What you will do:
Your task is to output the listing word for word, with pictures excluded.

The data:
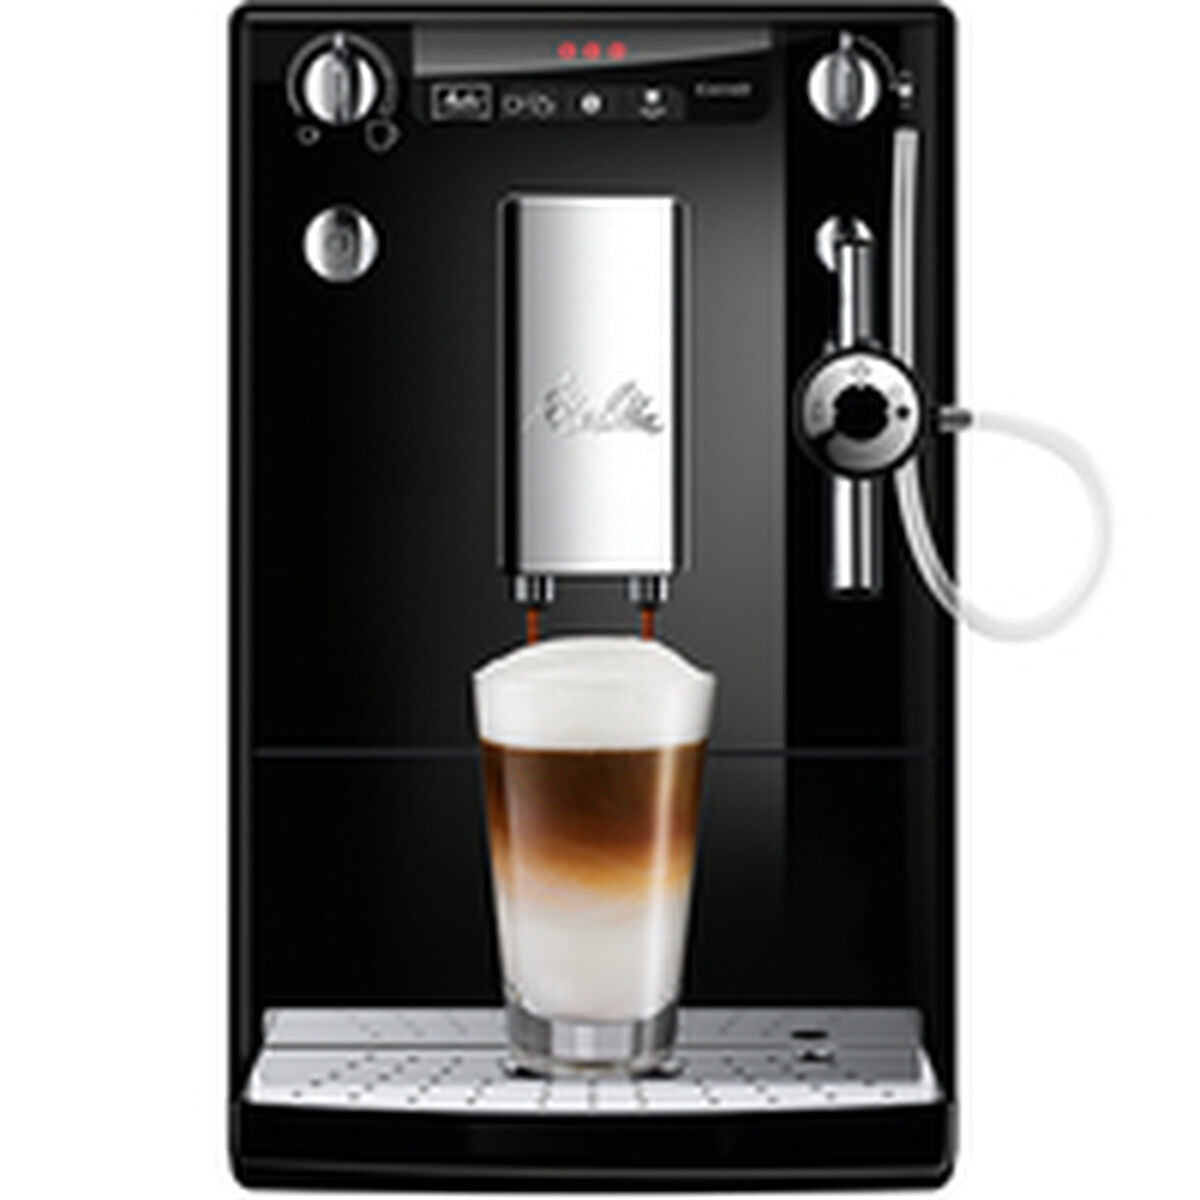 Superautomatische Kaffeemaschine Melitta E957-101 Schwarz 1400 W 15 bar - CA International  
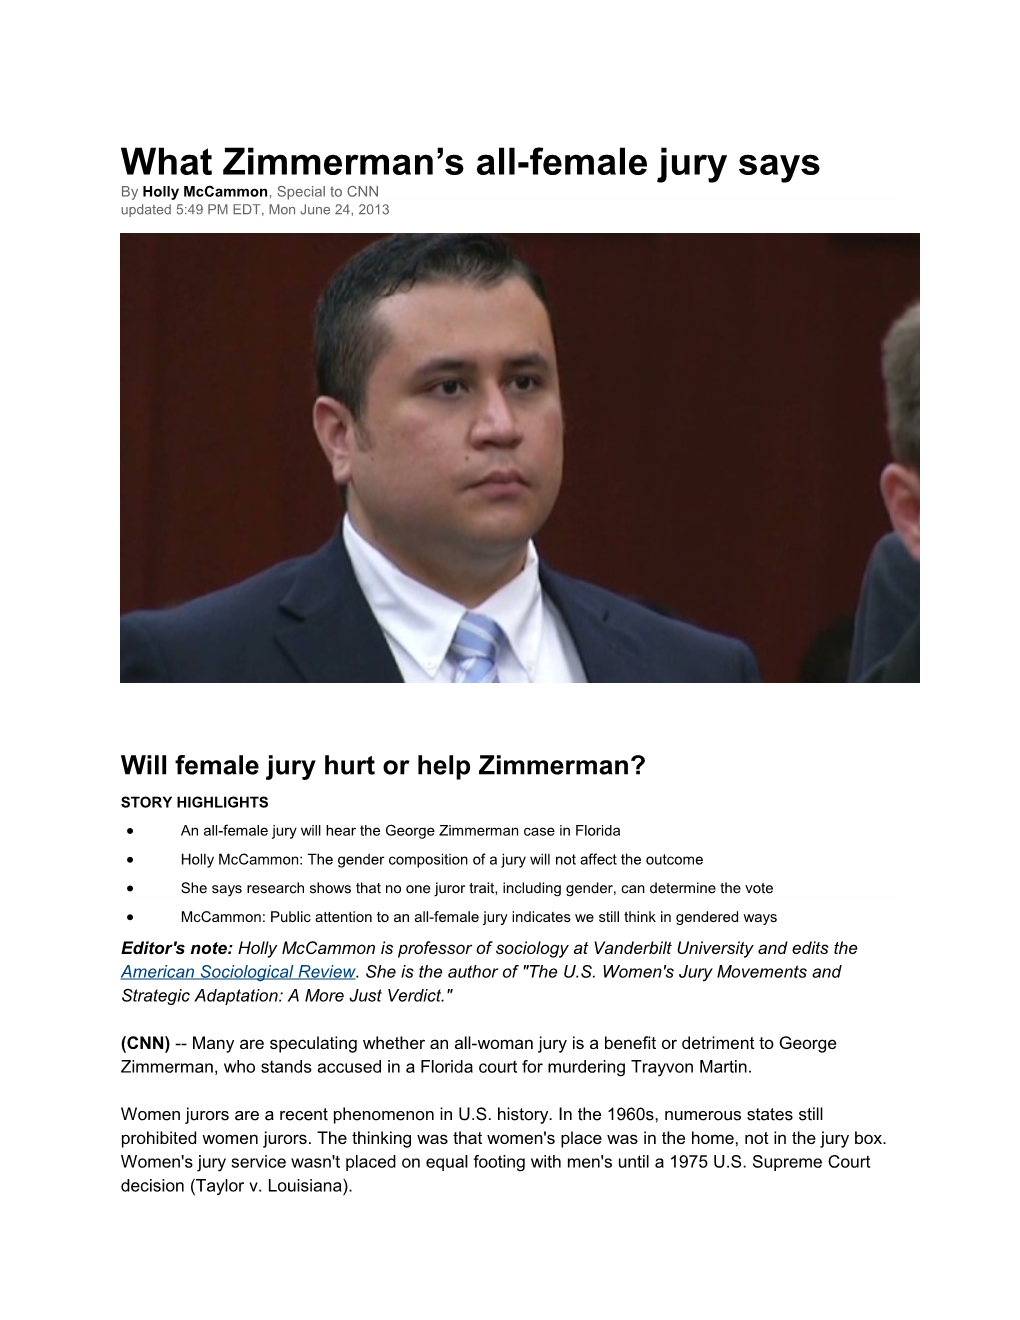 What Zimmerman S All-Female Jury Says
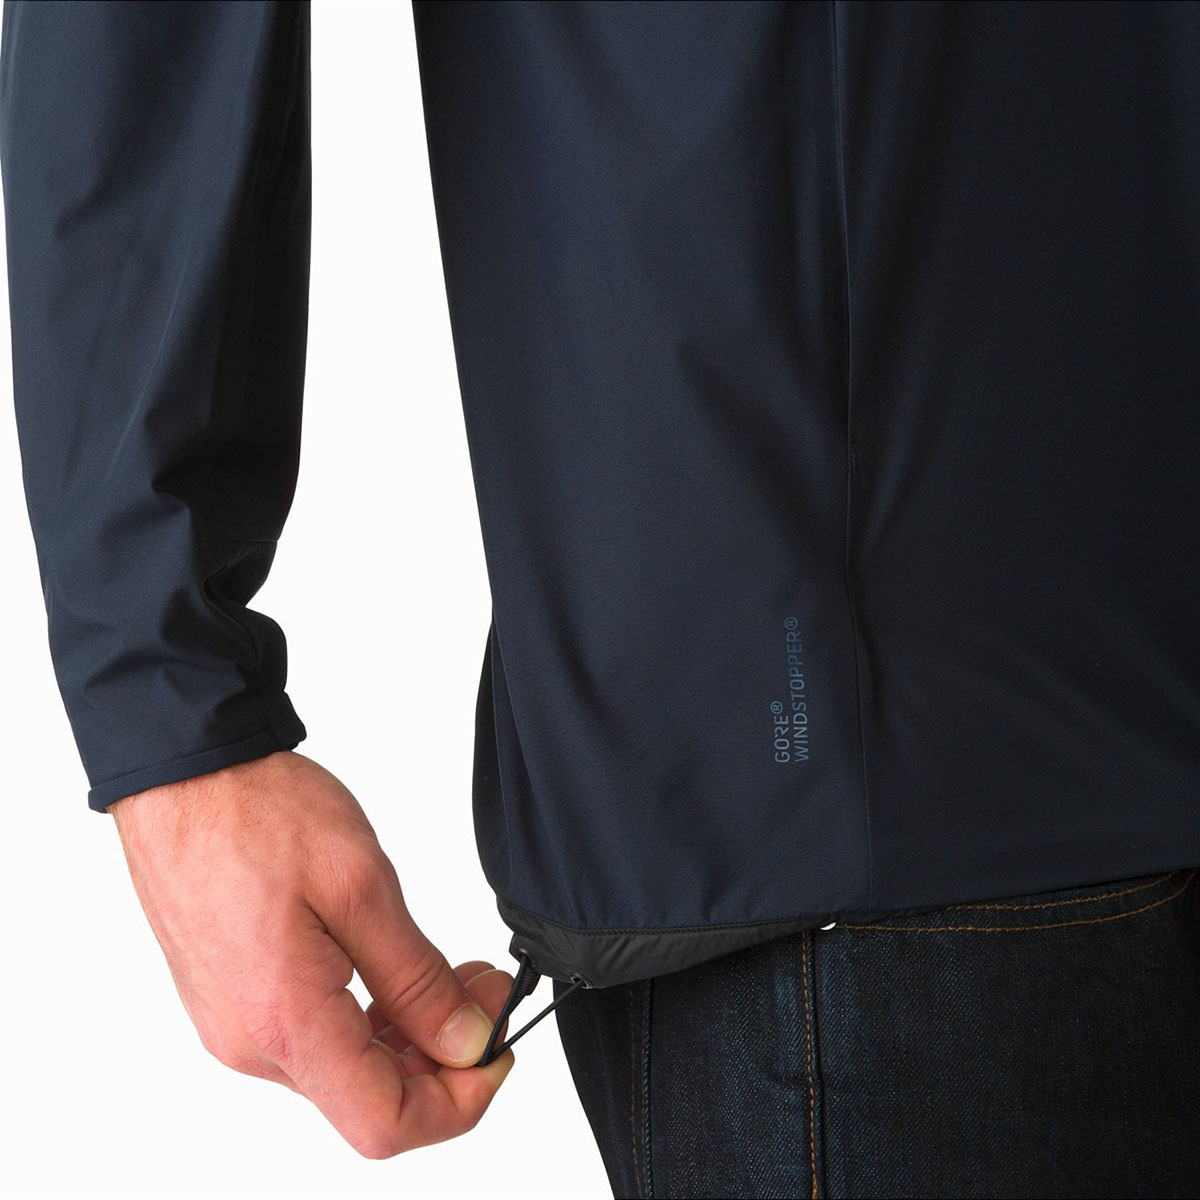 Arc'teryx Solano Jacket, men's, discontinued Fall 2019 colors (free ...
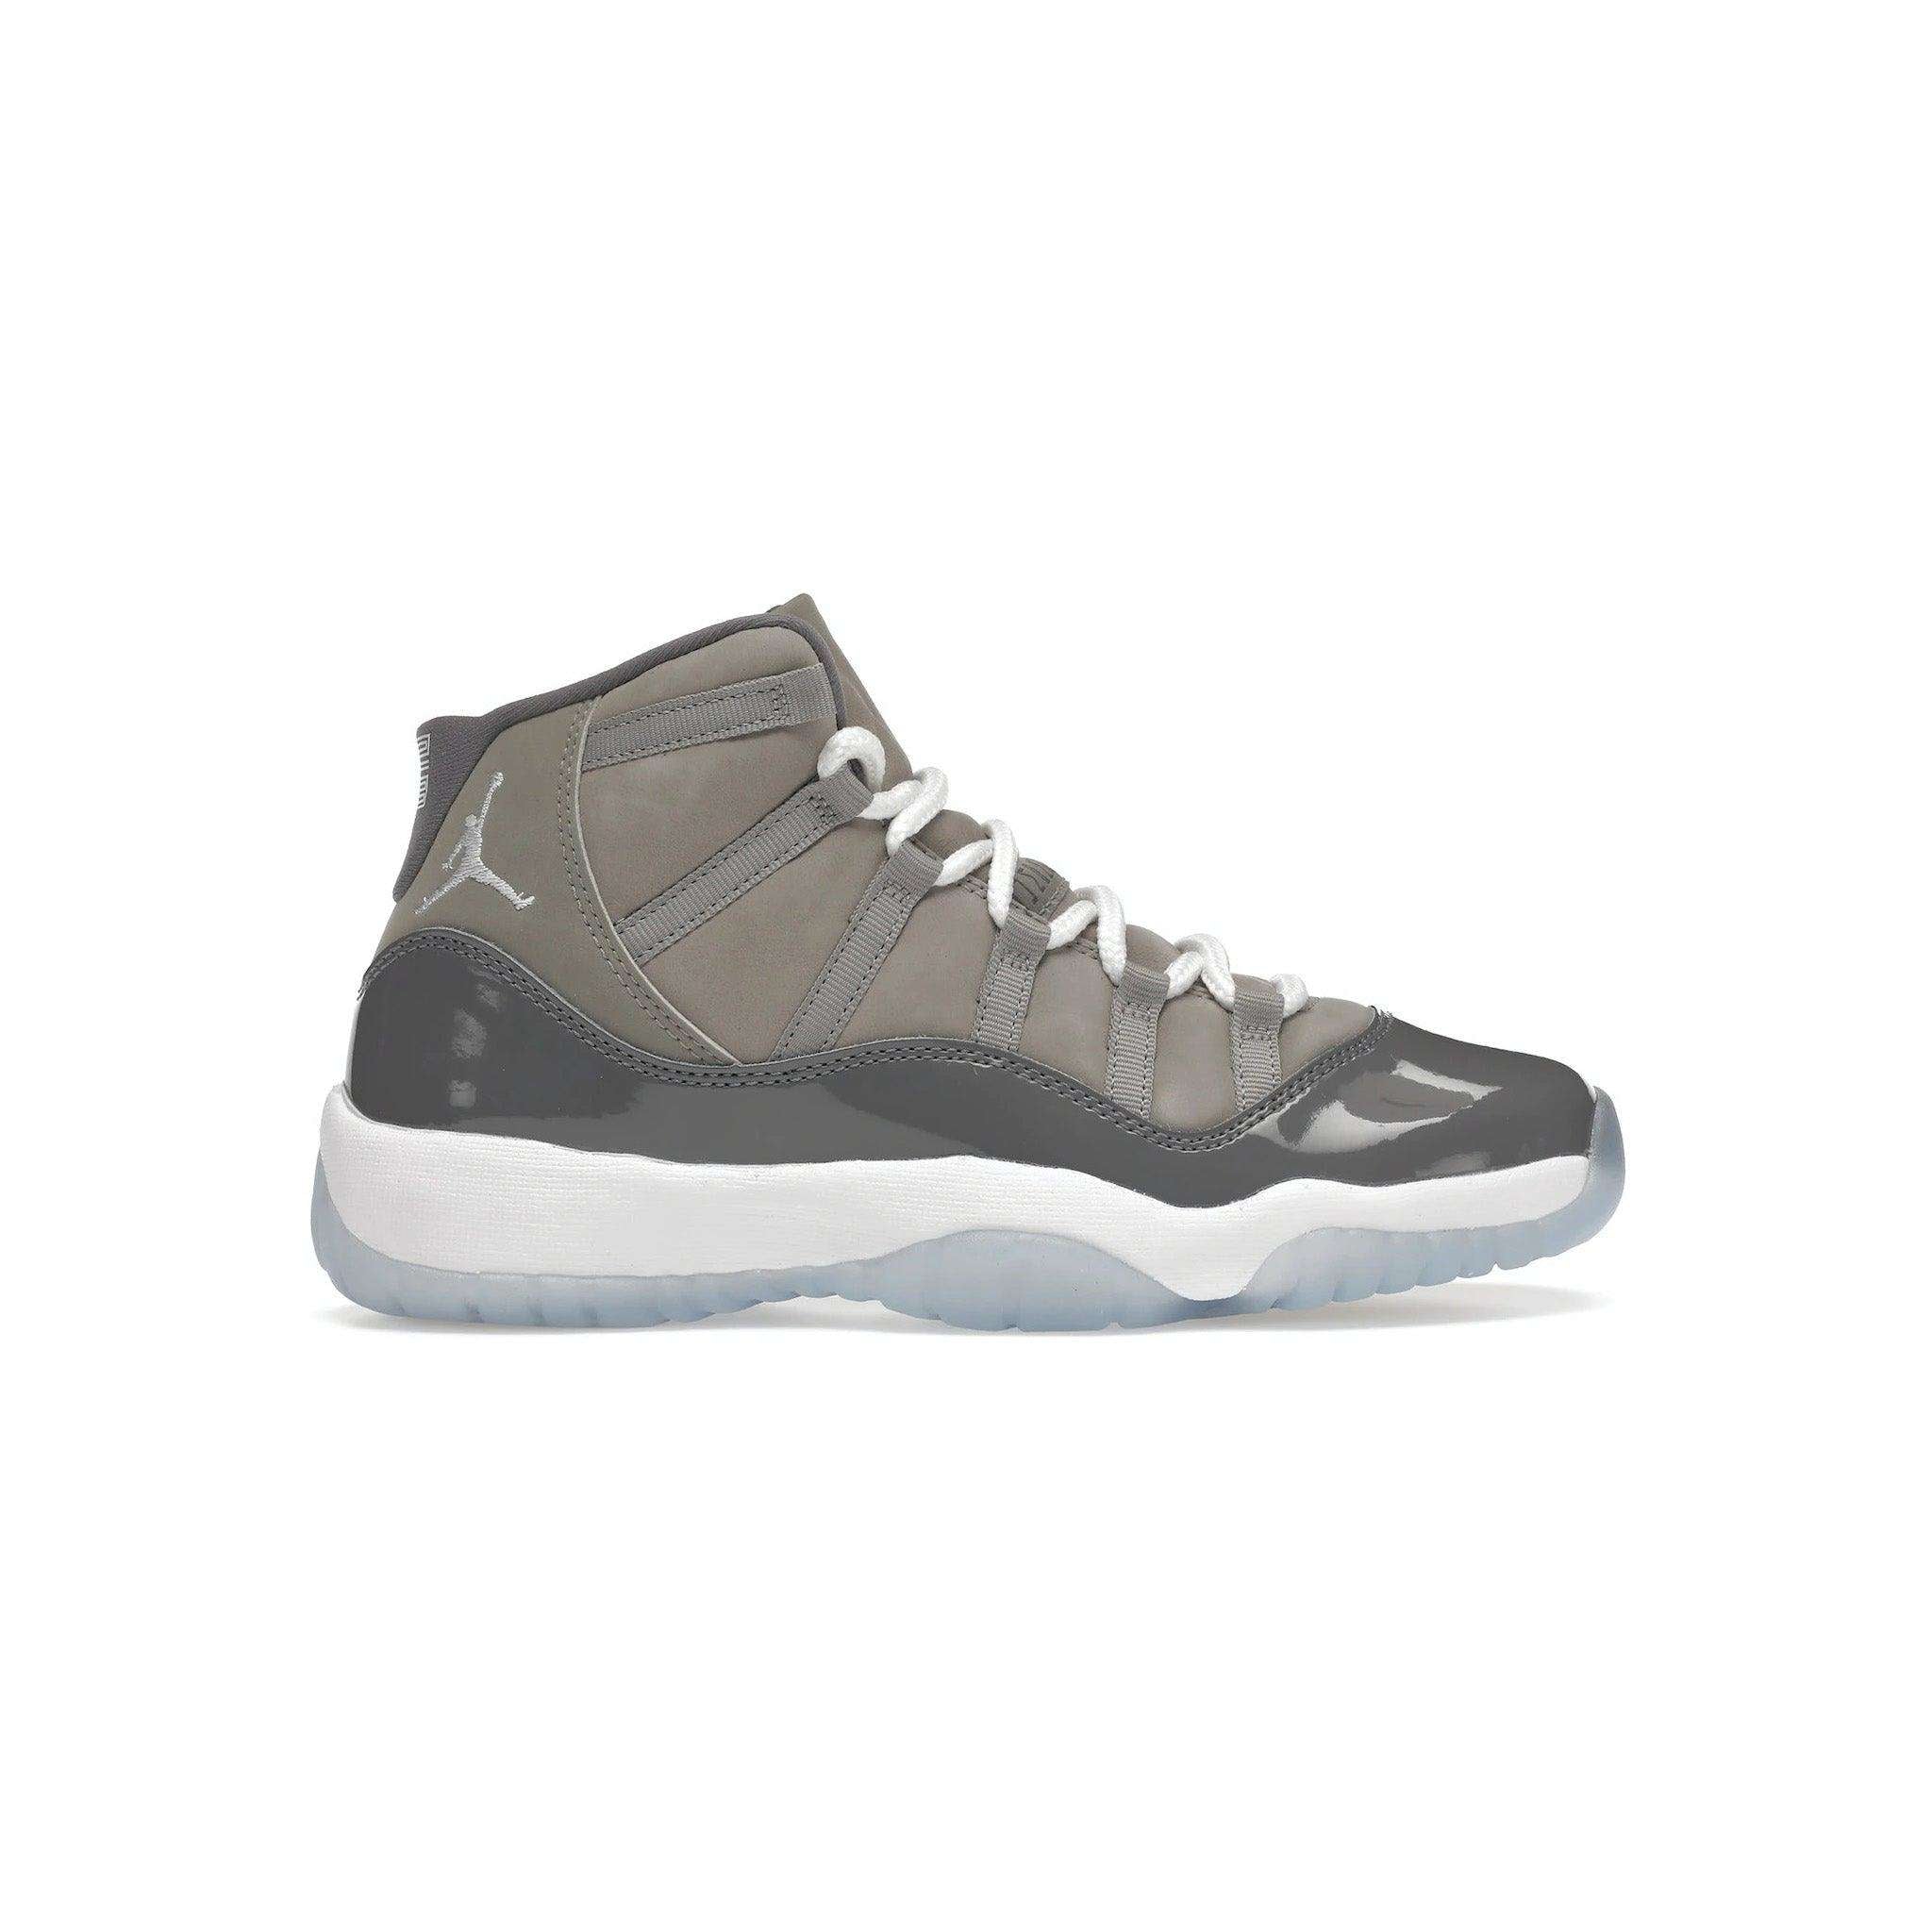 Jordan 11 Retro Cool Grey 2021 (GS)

Expected answer:
 Superautomatische Kaffeemaschine Melitta E957-101 Schwarz 1400 W 15 bar - CA International  
 What Zimmerman S All-Female Jury Says
 Arc'teryx Solano Jacket, men's, discontinued Fall 2019 colors (free ...
 Jordan 11 Retro Cool Grey 2021 (GS)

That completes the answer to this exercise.